Phi 3 medium/small support

2 new models released from Microsoft:

https://huggingface.co/microsoft/Phi-3-medium-4k-instruct/

https://huggingface.co/microsoft/Phi-3-small-8k-instruct/

Medium uses Phi3ForCausalLM and converts without issue, but when trying to generate has an invalid tensor shape:

llama_model_load: error loading model: check_tensor_dims: tensor 'blk.0.attn_qkv.weight' has wrong shape; expected 5120, 15360, got 5120, 7680, 1, 1

And then Small uses a new Architecture tag 'Phi3SmallForCausalLM'

Happens with the 128k variants as well. I tried both!

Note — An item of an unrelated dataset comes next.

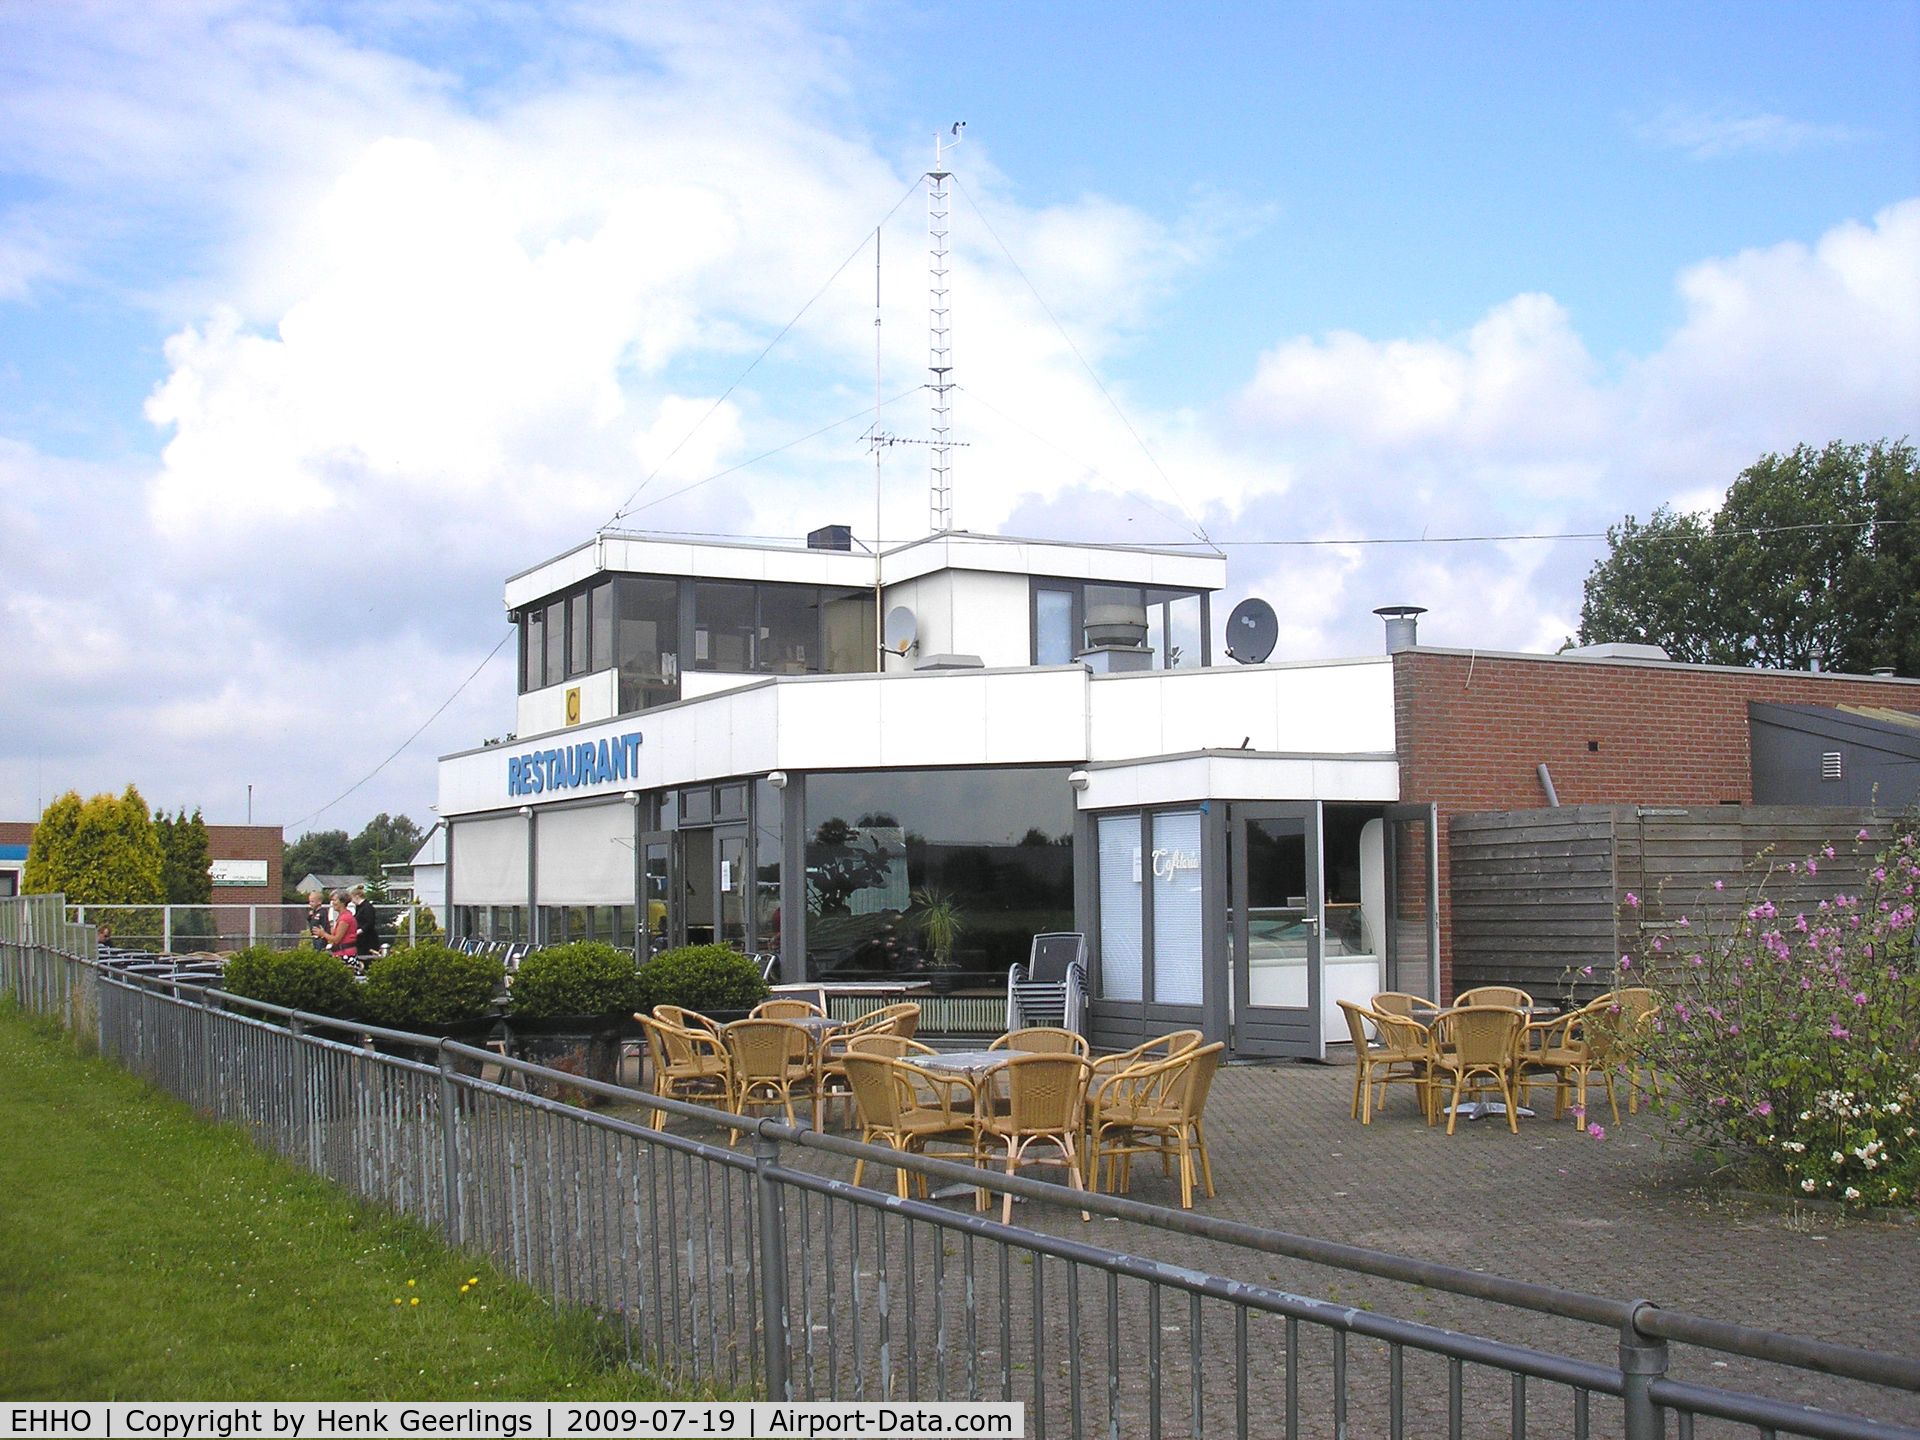 Hoogeveen Airfield Airport, Hoogeveen Netherlands (EHHO) - Hoogeveen Aerodrome - The Netherlands

woops, thanks, forgot and got lazy with pasting links lol

Try all models using https://github.com/ggerganov/llama.cpp/pull/7225 and report any issues

Building now, will report any updates

Also will try running created quants with those changes just to see if it works (need these changes for imatrix though of course)

Will llamacpp work with blocksparse attention? These models seems to implement it.

Do we also get vision support for Phi-3-Vision? I don't know how much this diverses from other archs like LLaVA.

Will llamacpp work with blocksparse attention? These models seems to implement it.

Could you remind me what was blocksparse attention?

Edit: No, there is no API for that atm.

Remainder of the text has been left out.